Вечерело. С полей тянуло прохладой. Май в этом году был с сиверком, в середине месяца даже выпал снег. Задерживался рост трав, озими. В другие весны, как это хорошо помнил Иван Глазов, в придорожном черемушнике бывало белым-бело, воздух переполнялся хмельным духом цветения, а сейчас деревья еще и лист не распустили. И все же, проходя мимо черемух, он сорвал веточку, глубоко вдохнул и… защемило сердце: от ветки пахнуло родным, знакомым.
Хоть устал солдат, оттопал пятки, но зашагал еще быстрее. Вон и дом, четвертый с краю, с белыми березами под окнами, с дощатым палисадником. Мимо небольшого пруда обозначилась тропинка, ведущая к крыльцу. Все так, как было несколько лет назад, когда он последний раз приезжал на побывку. Нет, пожалуй, не все. Крыша у конька провалилась, видно, подгнили стропила. Да и палисадник, кажись, покосился. Эх, ты… Но ничего, ничего. Главное – жив ли Серко?
Давно он не получал из дому никаких вестей. Да и куда писать. Кто о нем знал? Кочевал по госпиталям да по больницам. Болезни отняли память. Самое страшное – это тиф. Глазов и сам не знал, где сразила его эта зараза, то ли в поезде, когда после боев с белополяками перебрасывали отряд, то ли на вокзале в ожидании поезда. В больницу доставили в бессознательном состоянии. Тогда, должно быть, и пропали документы. Кому сообщать, если больной не приходит в сознание, не может вымолвить слова, а в карманах никаких бумаг. Тиф долго не отпускал его. Только было стал подниматься, как нагрянул возвратный, и снова опустилась над ним долгая темная ночь. Врачи уже не надеялись на его выздоровление, он таял на глазах. Если порой и приходил в сознание, то ничего не видел: сказалась газовая атака, которая была еще там, на германской. Но в этом, казалось, умирающем теле не погасла воля к жизни. Она и победила.
Никто в доме не видел, как он переступил порог. У дверей, в кути, сбросил с плеч истрепанный в походах вещевой мешок, снял выгоревшую до белизны фуражку и, пригладив заскорузлыми пальцами усы, вышел вперед, за перегородку.

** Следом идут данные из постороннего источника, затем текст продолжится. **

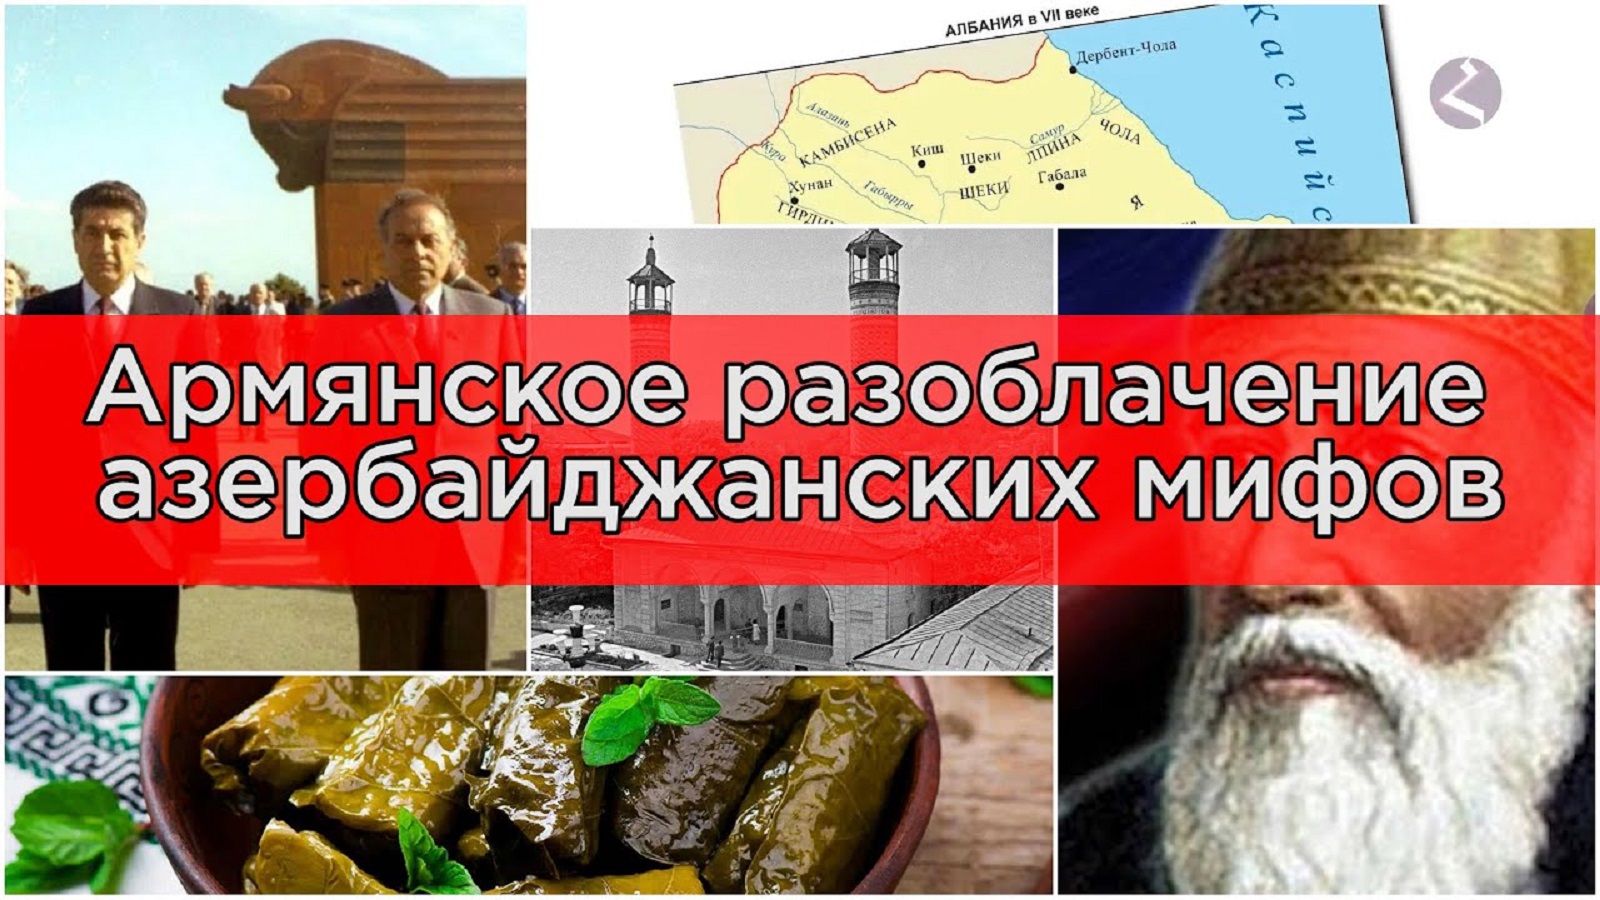 Азербайджанские мифы и их полное разоблачение/HAYK media

Как ему хотелось громко, по-солдатски, с шуточкой-прибауточкой (он любил веселое слово) отрапортовать, что боец такой-то прибыл из «капиталки» на постоянное место жительства в семью Глазовых, но, увидев встрепенувшихся детей и жену, тихо дрогнувшим голосом произнес только одно слово:
– Здравствуйте!
Жена, Марья, с плачем бросилась к Ивану, скрестила руки на темной, будто прокопченной шее его, заголосила:
– Ваня, да ты ли это? Все глазоньки проглядела, ожидаючи тебя. Другие давным-давно возвернулись, а ты как в воду канул. Но, слава тебе господи, теперича ты дома. – И к ребятам: – Детки, это ваш тятька, наш хозяин. Идите к нему!
Первым подошел Алексей, старший сын. Он приподнялся на носки, прижался к отцу, потеребил красные нашивки на воротнике шинели и сказал:
– А я тебя знаю. И ты совсем не тятька, а папа.
– Почему?
– В книжках тятей называют папами. Я читал.
– Ого, грамотей! – ухмыльнулся отец в усы. – Будь по-твоему.
Тут он поманил желтым прокуренным пальцем второго сынка, Кузю. Тот робко подошел к тяте-папе, не смея ни к чему притронуться. Этот человек в рваной, пропахшей потом и гарью шинели был для него таким же незнакомцем, как и все, кого встречал впервые. Висела, верно, дома отцовская карточка, но на ней он был моложе, без землистых складок на лице и без усов, не таким, каким явился сейчас. Гладя вихрастую голову Кузи, отец спросил:
– А ты не помнишь меня?
– Не…
– Где ему, малюткой был, когда ты уходил, – со слезами вымолвила мать.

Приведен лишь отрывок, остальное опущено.